Хотел еще подначить: «Молодо, мол, зелено», даже погладил, предвкушая поощрительные улыбки казаков-взводных, свои усы-колосья, но сдержался. Продолжил свой план:
— У водопровода еще засаду. Самых храбрых и умелых. Без него мы недолгие вояки. Говаривал казакам еще прежде: давайте колодцы соорудим. Куда там! Где, мол, неприятель, чтобы осадил крепость? Нету его. Вот тебе и нету!
Слушая Костюкова, Богусловский все больше проникался к нему уважением. Вот тебе и беспечный вроде!
— Разумно все. Считаю, план можно принять. Прошу высказываться остальным.
Совет командиров длился недолго. План Костюкова одобрили все, и Богусловский подвел итог:
— В засаду у реки выделим взвод Костюкова полностью. Остальные два взвода — в крепости. От каждого взвода выделить по пяти человек в мой резерв. Прошу командиров взводов предупредить казаков, чтобы почем зря не палили патроны. Огнезапас у нас большой, но следует учитывать, что мы можем оказаться блокированными продолжительное время. Все у меня. Пошли во взвода.
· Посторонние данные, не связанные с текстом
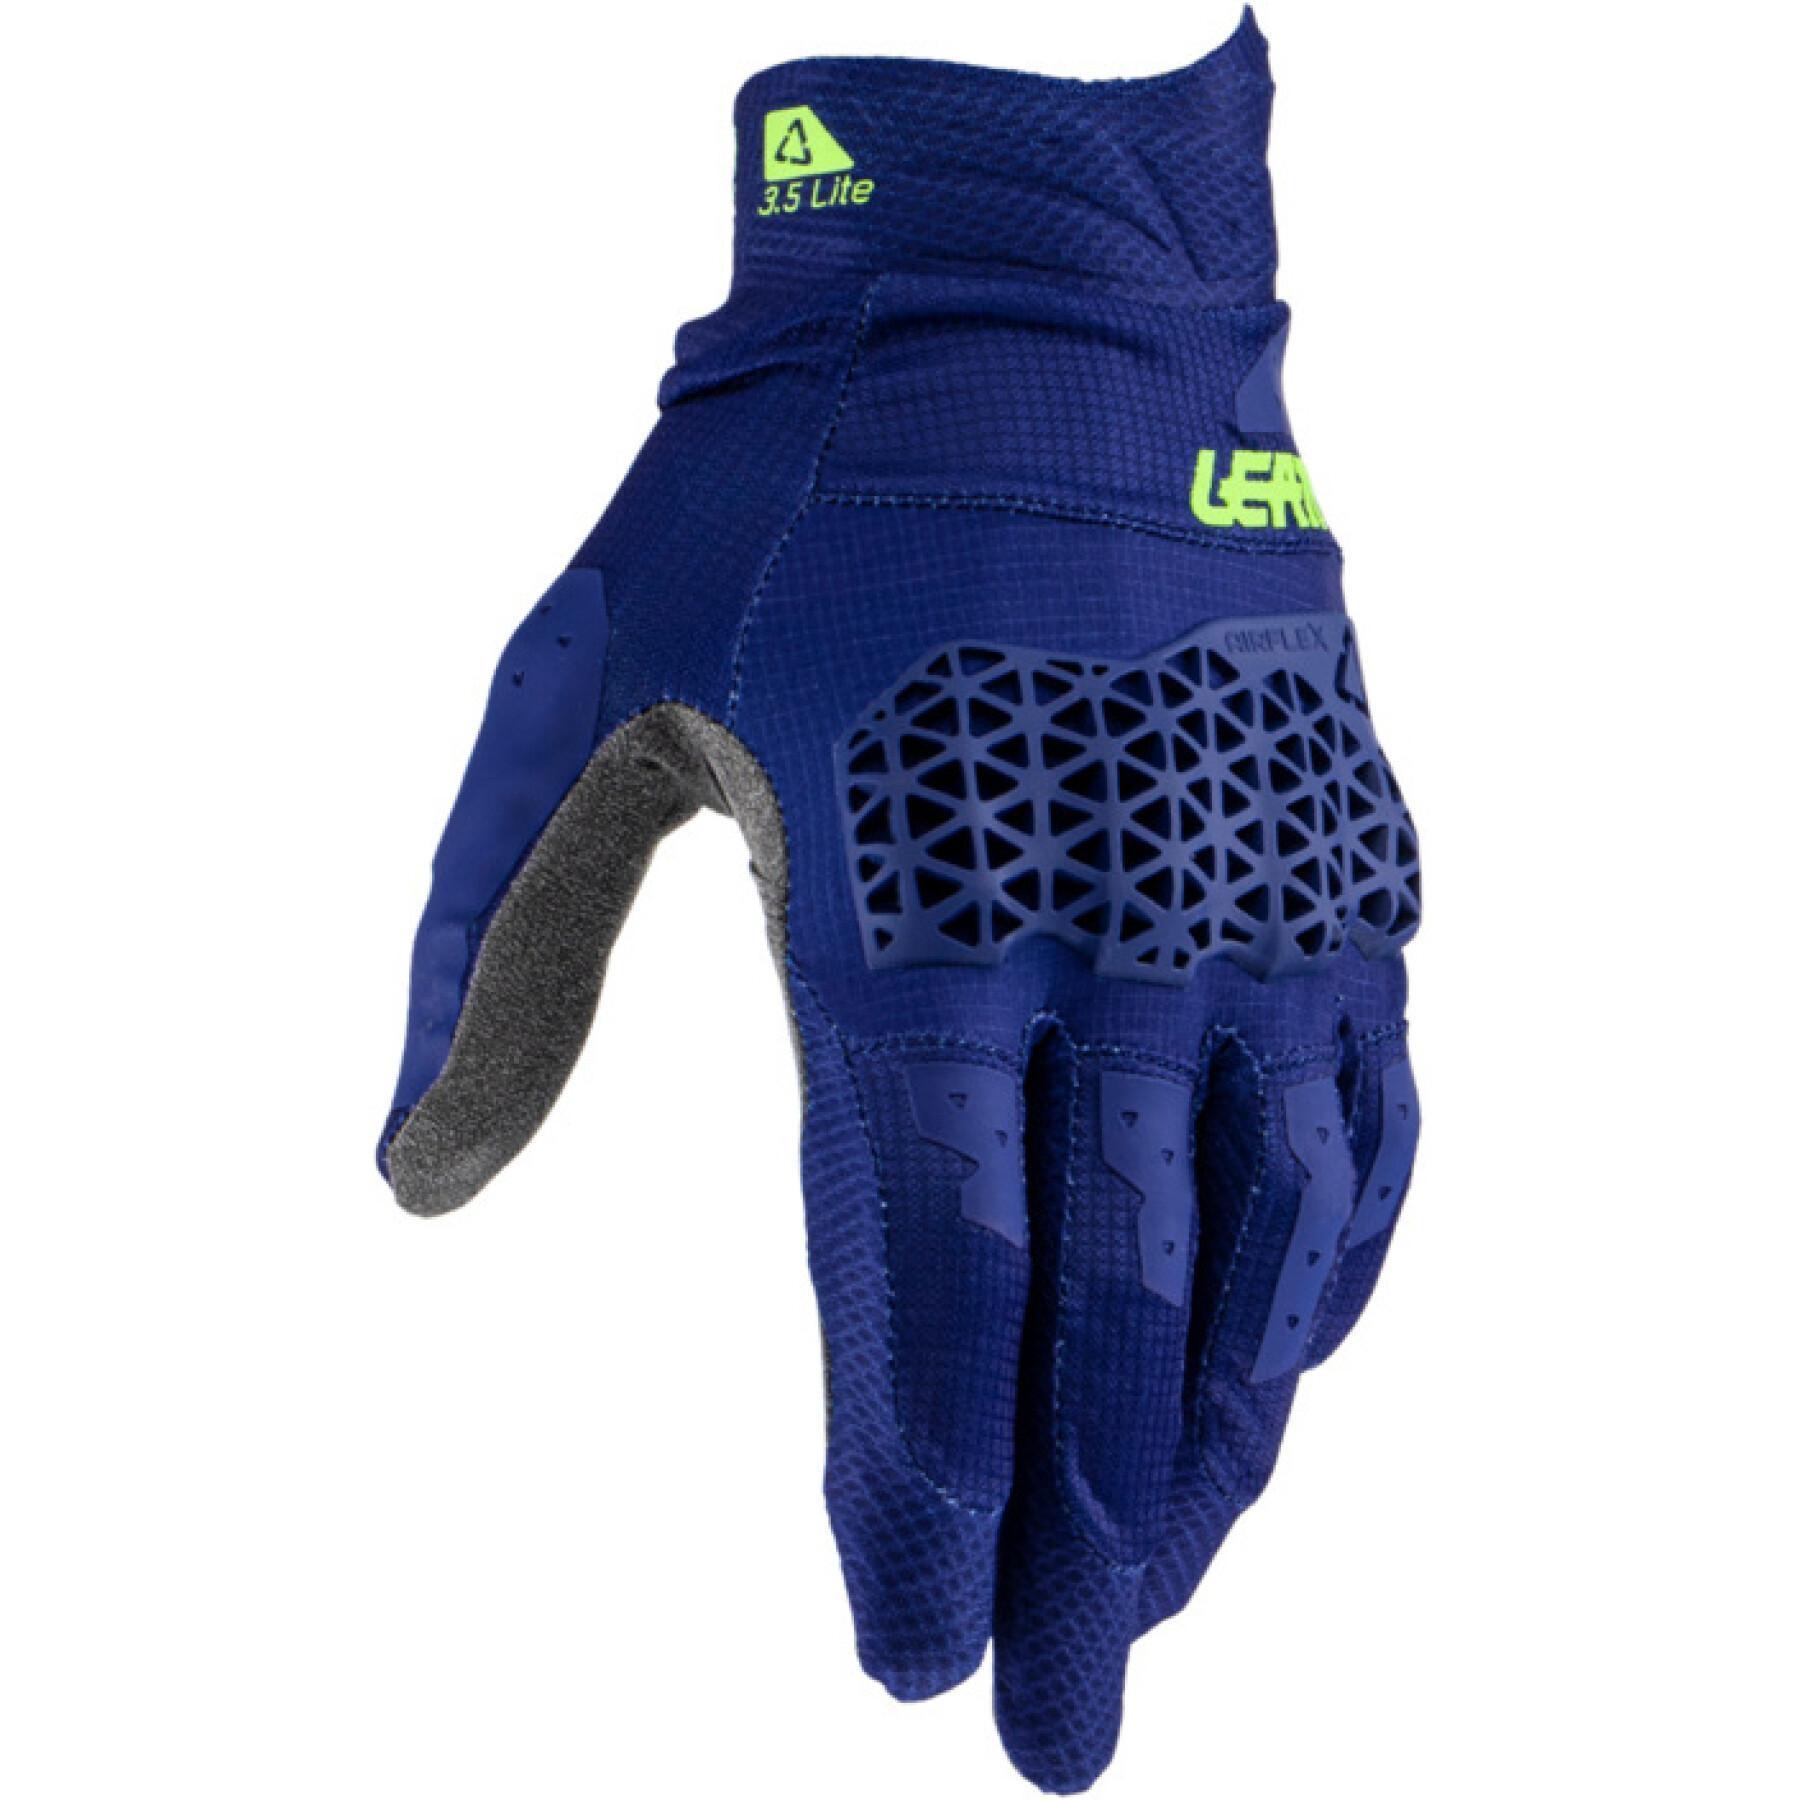 Motocross-Handschuhe Leatt 3.5 Lite 23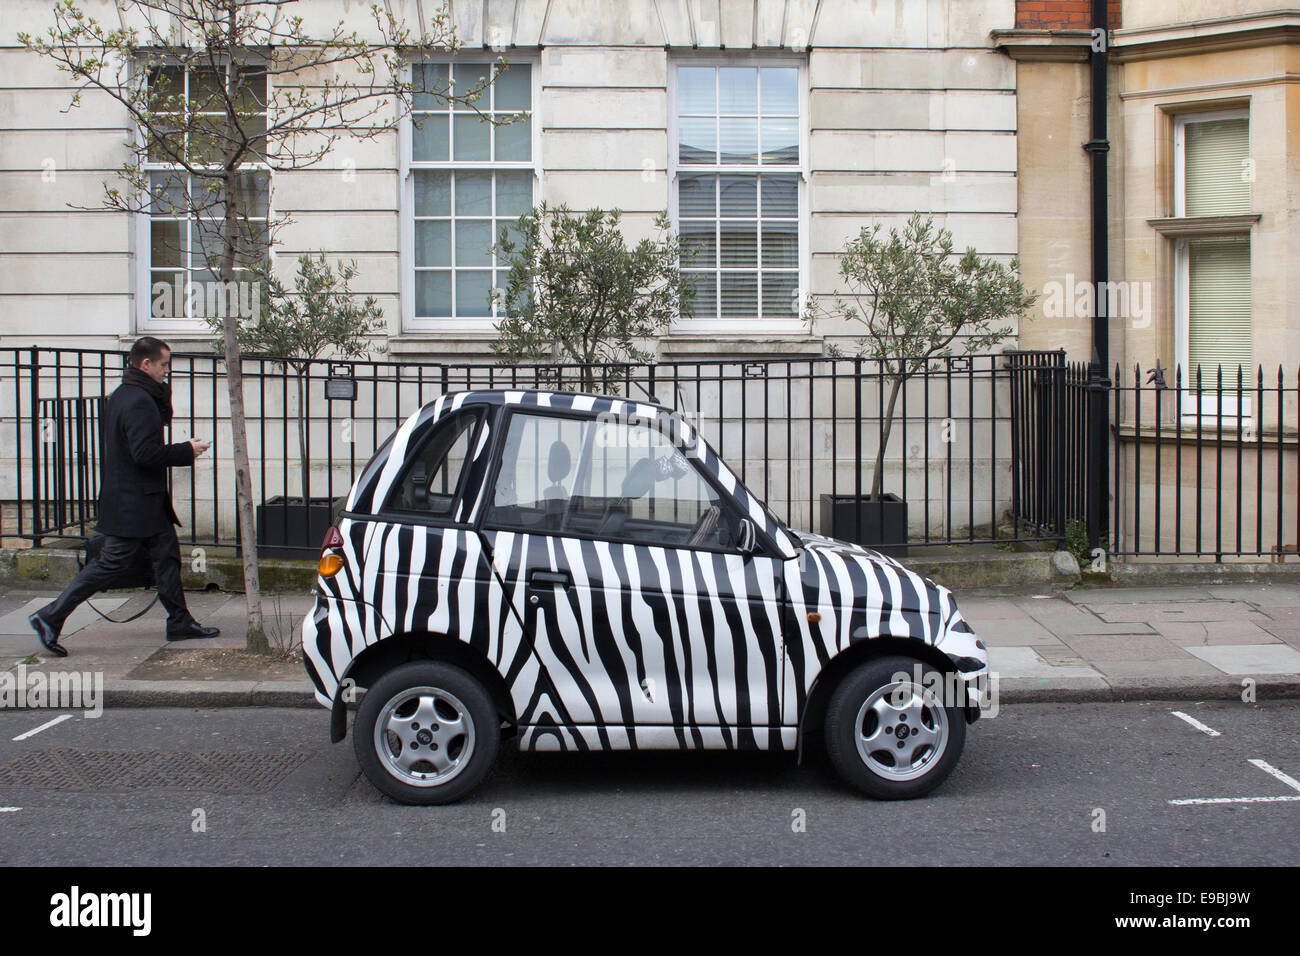 ein-kleines-auto-lackiert-in-zebra-farben-mit-einem-mann-zu-fuss-auf-einer-londoner-strasse-ge...jpg

Богусловский вышел на крыльцо вслед за командирами. Солнечно, морозно и тихо. Что тебе в России в добрый зимний день. Здесь таких дней досадно мало. Солнца, в общем-то, много, но и ветра не меньше. Холодного, пронизывающего. Не только люди, но и горы, казалось, зябли на таком ветру, становились жуткими, пугающими. А сейчас они были веселыми, лучистыми. Белизна их слепила.
«За горами тоже следует установить наблюдение. Горцы — что барсы, везде пройдут», — подумал Богусловский и пошагал к крепостным стенам, чтобы окончательно убедиться в верности принятого плана обороны.
Оборонять, собственно, пограничный городок было не трудно. Природа словно специально позаботилась о пограничниках, создав довольно просторную террасу под горами. О ней легенда есть: осерчали горы на реку за вечный ее надоедливый шум, решили проглотить. Язык высунули, но до воды дотянуться им не смогли. По краю этого языка и возвели фортификаторы крепкие кирпичные стены с бойницами для винтовок и пулеметов. Отвилок от дороги в крепость пробили неширокий, для одной брички, и с таким расчетом, чтобы от ворот он насквозь простреливался и по бокам имел валы-брустверы. Роль окопа мог играть отвилок. По обочине отвилка протянули пожарный шланг, серый, незаметный, а за воротами поставили ручной пожарный насос — вот тебе и водопровод. Прежде этот водопровод Богусловский считал воплощением весьма рациональной мысли, сейчас же думал иначе: водопровод — ахиллесова пята крепости. Без пекарни и бани можно, в конце концов, и обойтись, а без воды каково? Один выход — снег топить. Только много ли его натопишь на двух кухонных плитах, хотя и больших? Никак коней не напоишь.
«Костюкова нужно пулеметом усилить, — решил Богусловский. — Еще один пулемет — к воротам. На кожухи муфты из овчины сшить, чтобы вода не замерзала».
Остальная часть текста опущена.